Of Trust, hurt, disappointments and broken hearts

Trust – an essential element for any relationship whether it be between friends, a couple, or parents and their children. Sometimes, we do everything possible to gain this trust from the other person, but the other person is just not willing to trust us…and the frustration that comes as a result is not worth putting into words…

I know i kinda broke their trust once…but that was when i was a teenager, and when i was just 16! Its a known fact that 15-18 are some of the hardest years to deal with…the years most prone to rebellious behaviour and most prone to following the wrong path. But they are also the best years for learning from mistakes..and for taking turns to ending up in the correct path.

When i broke their trust, they were mad. Maybe disappointed and hurt too, but they didn’t show these feelings out too much. But anger, and punishments prevailed, though most of them were undeserved. Over time, i realized my mistake. I have apologized, and tried to make it up to them in more ways than possible. And i have loved them for trying to forget what happened and for giving me another chance. Or atleast to pretending to try to forget.

The love and respect i have for them just shot up so rapidly when they decided to give me that second chance, although i knew that most of what they thought i had done was just pure bullshit. Just pure rumors brought to their ears by random people. The fact that they chose to believe them over me was pissing off, and frustrating, but i had no choice then. I used to yell, scream, and quarrel. But now, i realize that those were wrong moves too. But even with all these rumors flying around, they decided to let me try just once more, and to that i will be eternally grateful.

I may have made blunders with my second chance too, but they have been well kept away from them simply because i know it may make them angry. But i have learnt. I have sacrificed more than ALOT. And i have given in. And i know they know at least some of this, though i prefer to keep most of it away from them.

And now, they are having alot of issues with the other 2. Their tears show me how much of pain they are going through. Compared to the other 2, i think i can be classified a saint. And i have been trying to help them resolve these issues by talking to the other 2, and by trying to be the friendly big sister. I can’t tell them about it, cos then the other 2 will lose confidence in me, and then they can bid farewell to the idea of getting them back on the right track.

But suddenly, yesterday, they started acting all irrational again. Acting like i was 15. Acting like i was a senseless teenager running around with no sort of responsibility at all. I would love to do that, but I’m sorry to disappoint, i am definitely no longer that little kid of yours. And i thought we were over that phase, that phase where you decide not to trust me, and just throw around words and scoldings.

Yesterday, i kept quiet. Tried to defend myself in the calmest possible manner, and decided opening my mouth to defend would lead to arguments so shut up, nodded my head, and just answered questions. Tried explaining. But you refused to listen. Refused to be rational. And despite the rage and disappointment, i kept shut cos i knew that you were having too much of a hard time with the other 2, and would not be able to handle me too.

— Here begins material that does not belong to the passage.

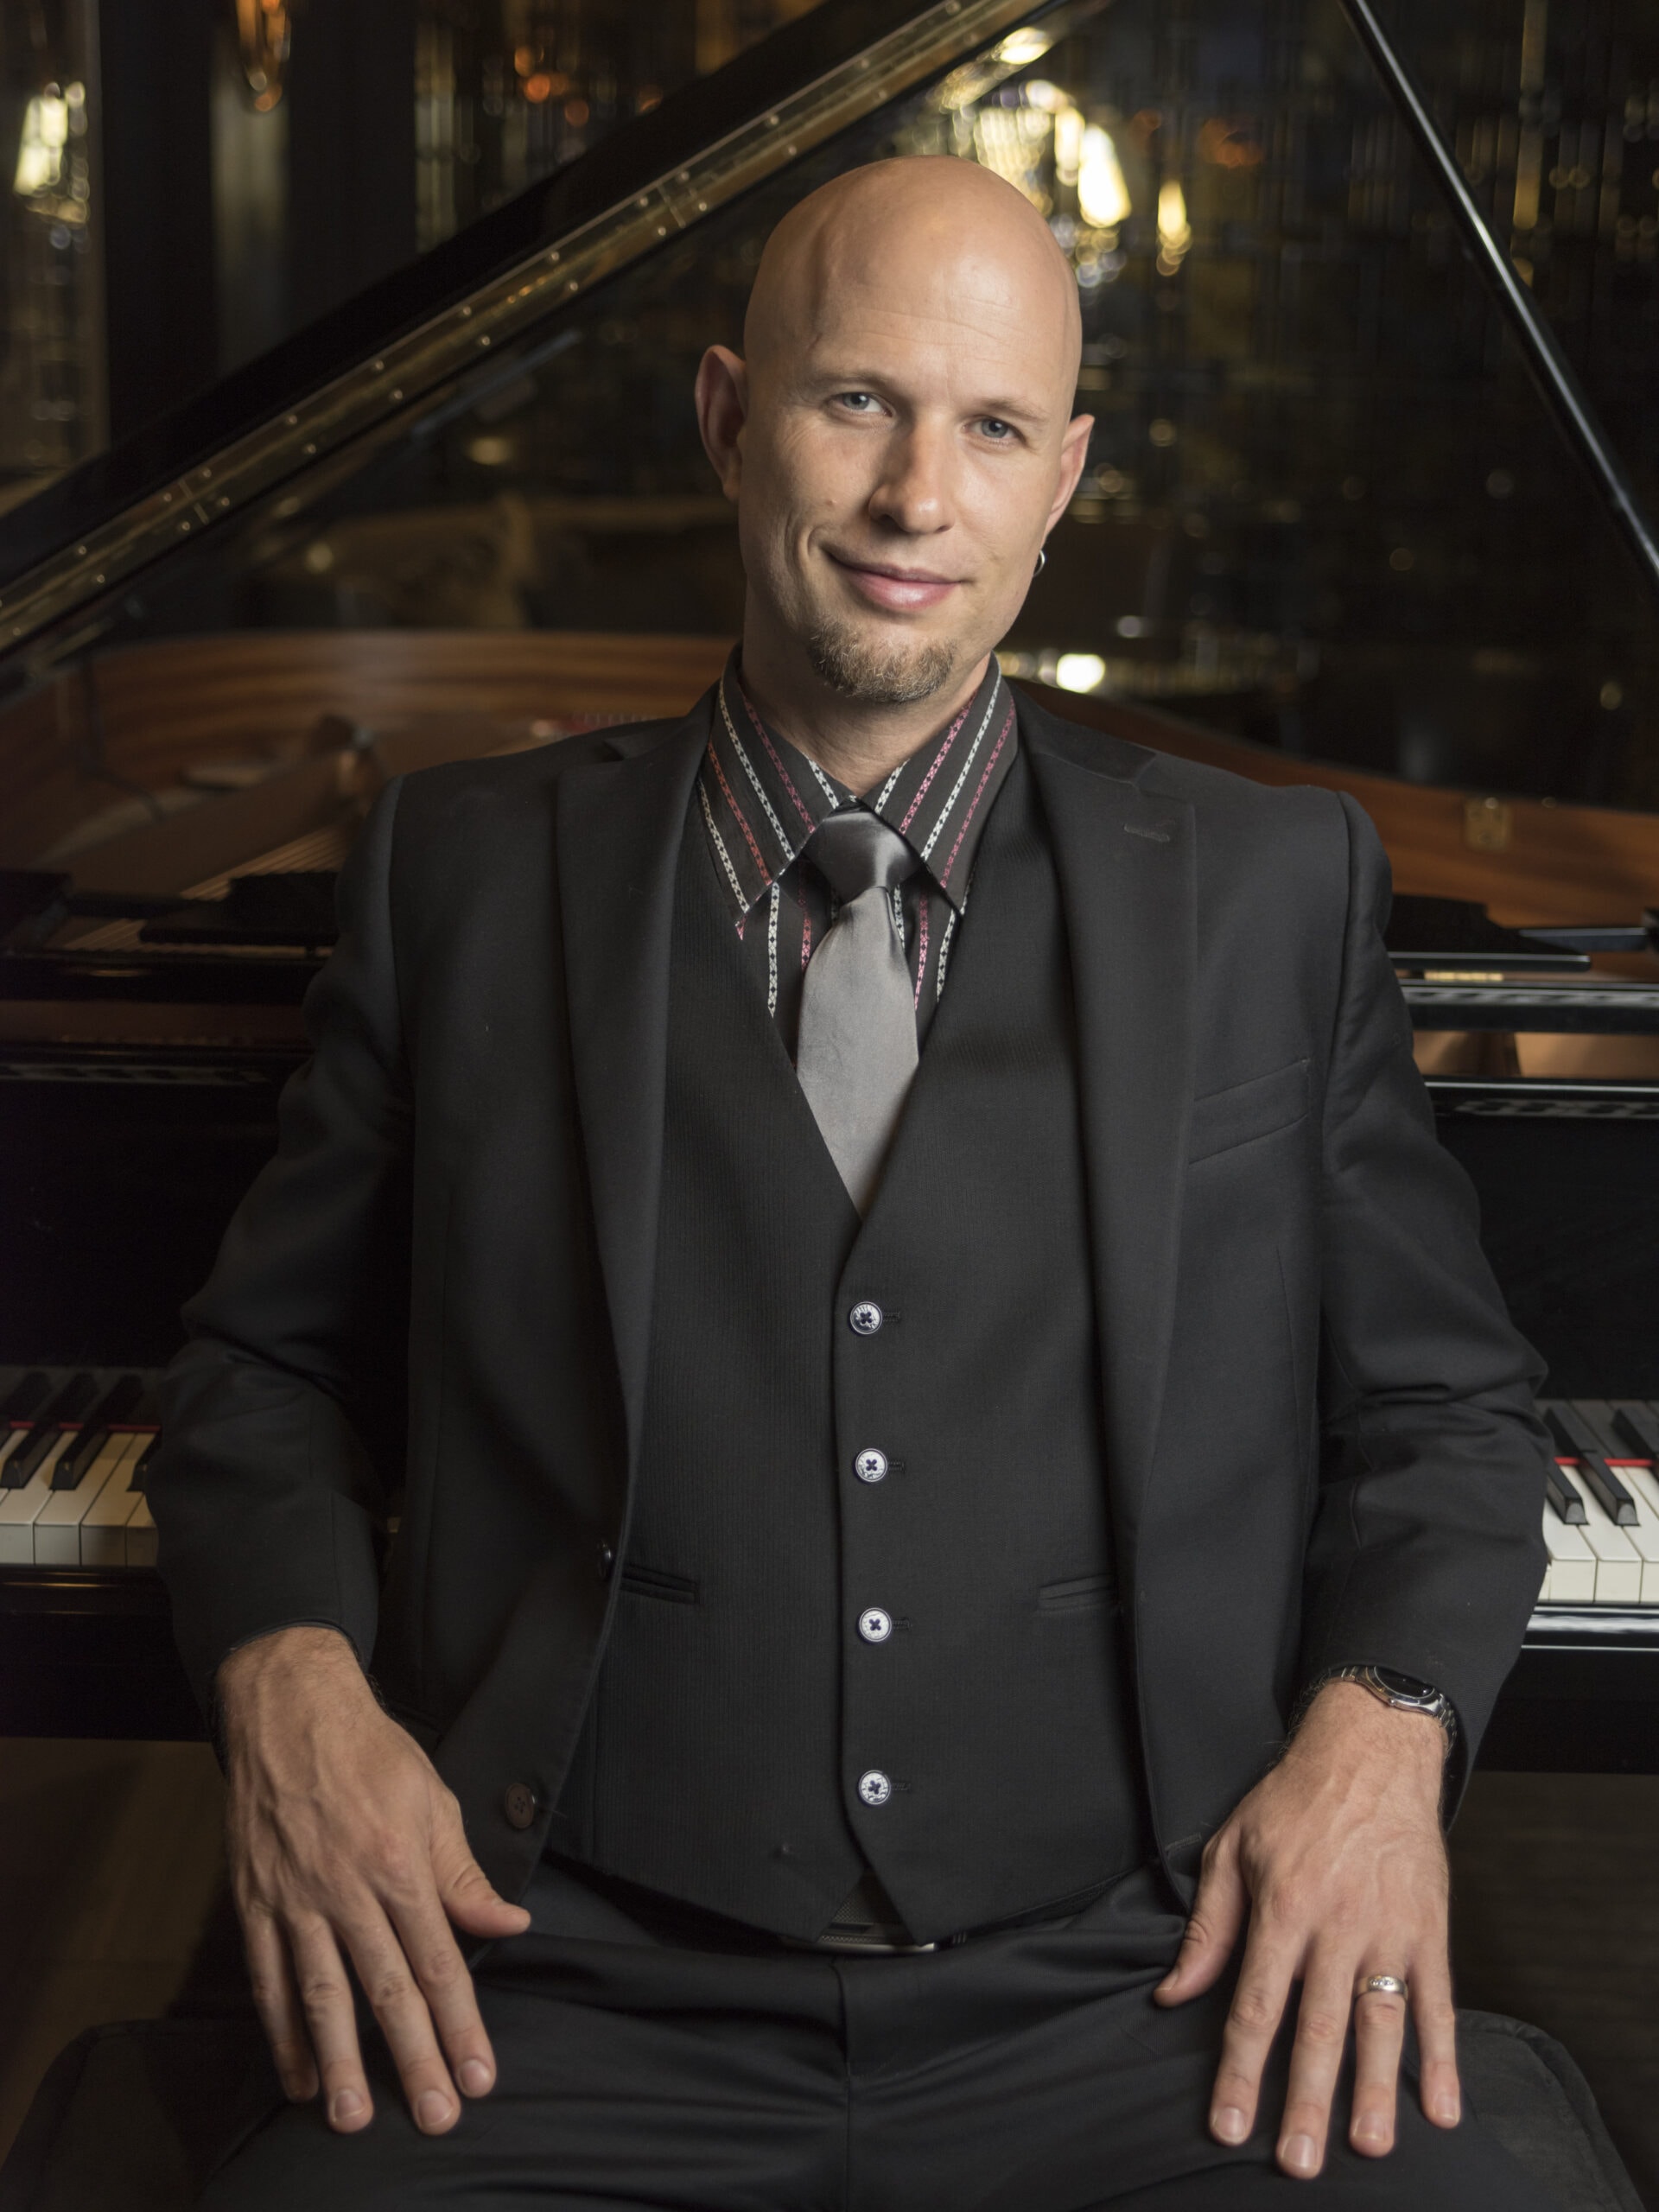 Hotel Bel-Air pianist

But then you said something. Just something, that i still can’t believe came out of your mouth. How i managed to get away from you without screaming, without shedding a tear, without showing my anger and hurt, i don’t know. But i never expected this from them, not in the very least! Shutting myself up, and crying for hours didn’t help cos you were the last people i expected this from!

Everything was going great till you decided to utter those words. And although i pretend like nothing happened, and like it never hurt me by keeping that smiley face on all the time just so that you’ll can be happy, i will never be able to get over those words. Trust Me.

And now i wonder if you’ll even ever truly love me, because everything you do seems to be so that you can hold your head high amongst those people who are just waiting for you to turn around so that they can back stab you!